When you construct a PagedArray you do not read any data into memory. Instead a disk file (ie. a Table) is created, in a place you specify, to hold the data. This means you need to have enough disk space to hold the array. Constructing a PagedArray is equivalent to opening a file.
Because the data is stored on disk it can be saved after the program, function, or task that created the PagedArray has finished. This saved array can then be read again at a later stage.
So there are two reasons for using a PagedArray:
To access the data in a PagedArray you can either:
In nearly all cases you access the PagedArray by reading a "slice" of the PagedArray into an AIPS++ Array. Because the slice is stored in memory it is important that the slice you read is not too big compared to the physical memory on your computer. Otherwise your computer will page excessively and performance will be poor.
To overcome this you may be tempted to access the PagedArray a pixel at a time. This will use little memory but the overhead of accessing a large data set by separately reading each pixel from disk will also lead to poor performance.

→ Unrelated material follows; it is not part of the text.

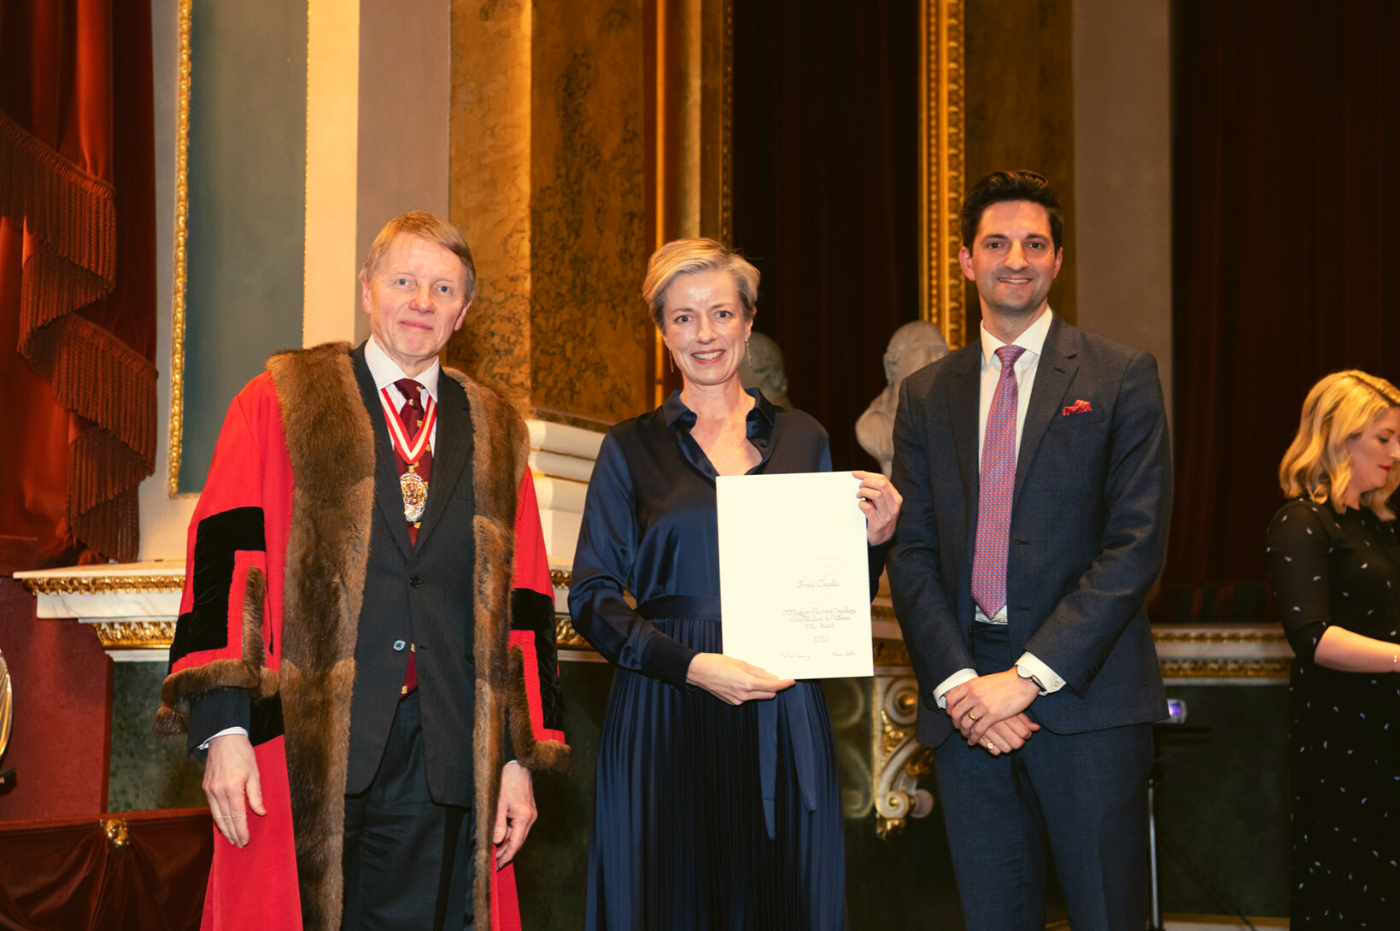 Sonia Cheadle Wins This Year’s IJL Award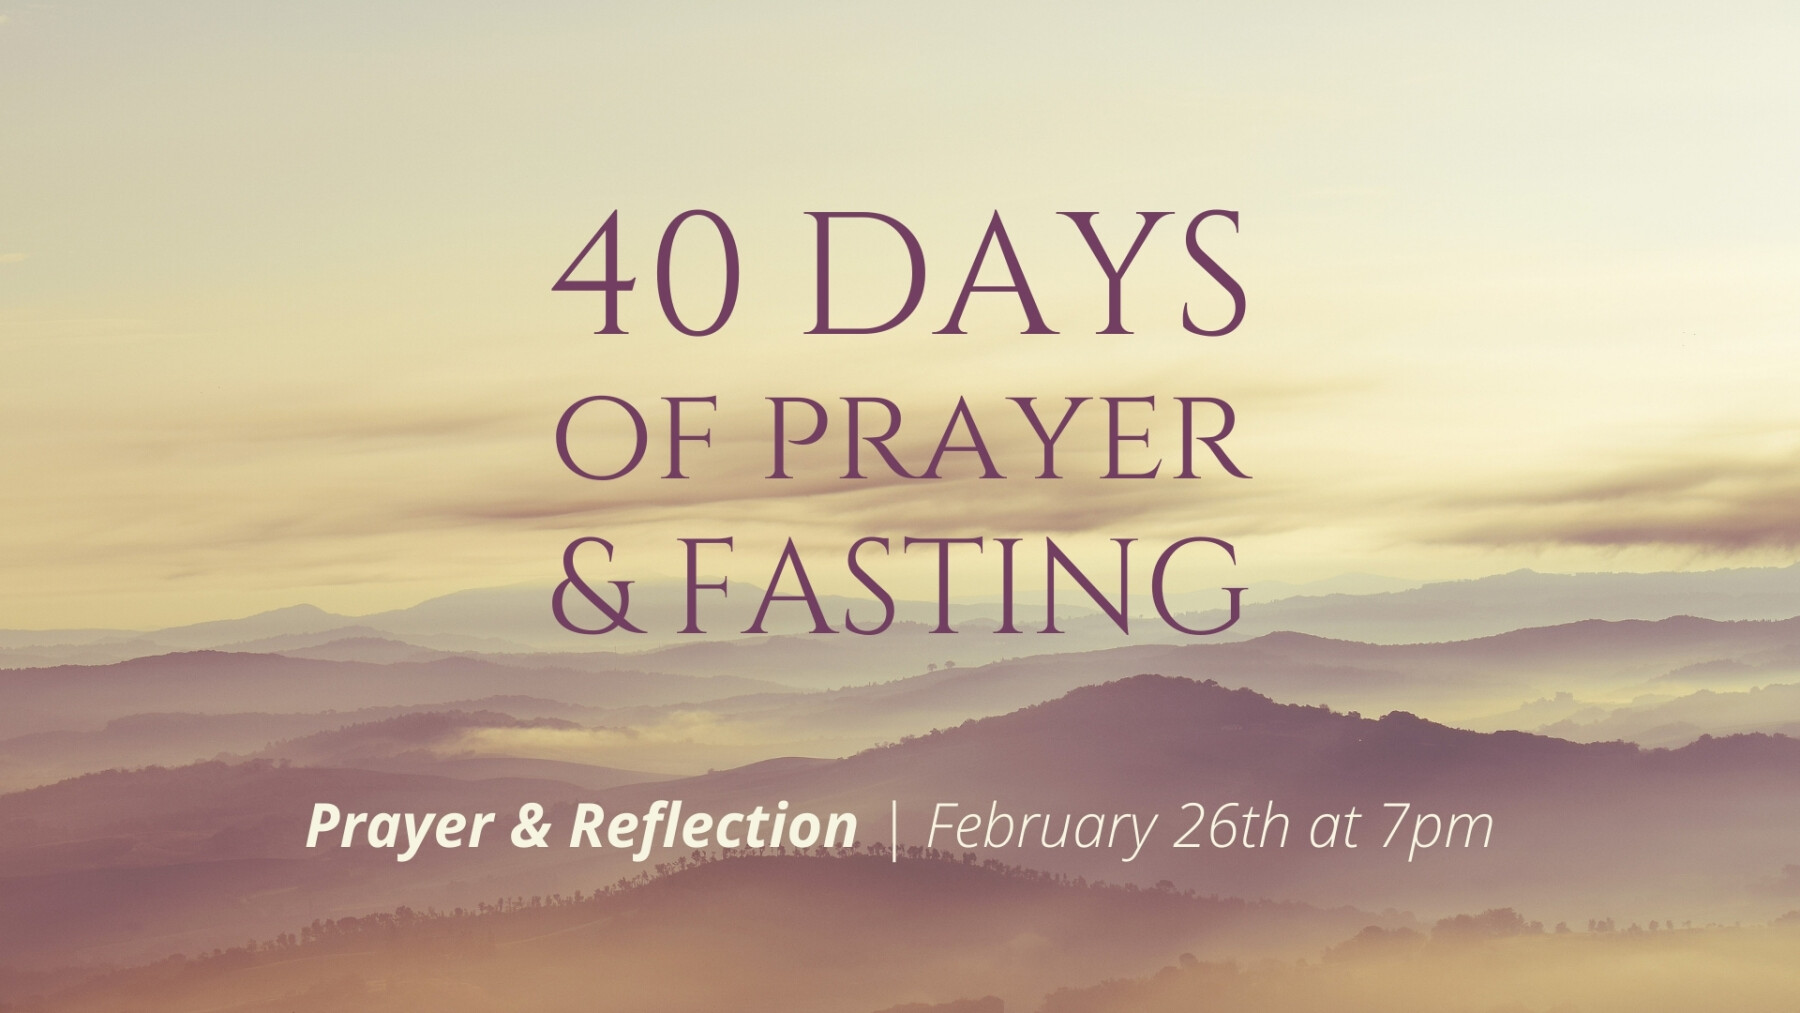 Prayer and Reflection at 7pm

In general the best way to access the data in PagedArrays is to use a LatticeIterator with a cursor size that "fits" nicely into memory. Not only do the LaticeIterator classes provide a relatively simple way to read/write all the data but they optimally set up the cache that is associated with each PagedArray.
If the LatticeIterator classes do not access the data the way you want you can use the getSlice and putSlice member functions. These functions do not set up the cache for you and improved performance may be obtained by tweaking the cache using the setCacheSizeFromPath member frunction.
More Details
In order to utilise PagedArrays fully and understand many of the member
functions and data access methods in this class, you need to be familiar
with some of the concepts involved in the implementation of PagedArrays.
Each PagedArray is stored in one cell of a Table as an indirect Array (see the documentation for the Tables module for more information). This means that multiple PagedArrays can be stored in one Table. To specify which PagedArray you are referring to in a given Table you need to specify the cell using its column name and row number during construction. If a cell is not specified the default column name (as given by the defaultColumnName function) and row number (as given by the defaultRowNumber function) are used. This ability to store multiple PagedArrays's is used in the PagedImage class where the image is stored in one cell and a mask is optionally stored in a another column in the same row.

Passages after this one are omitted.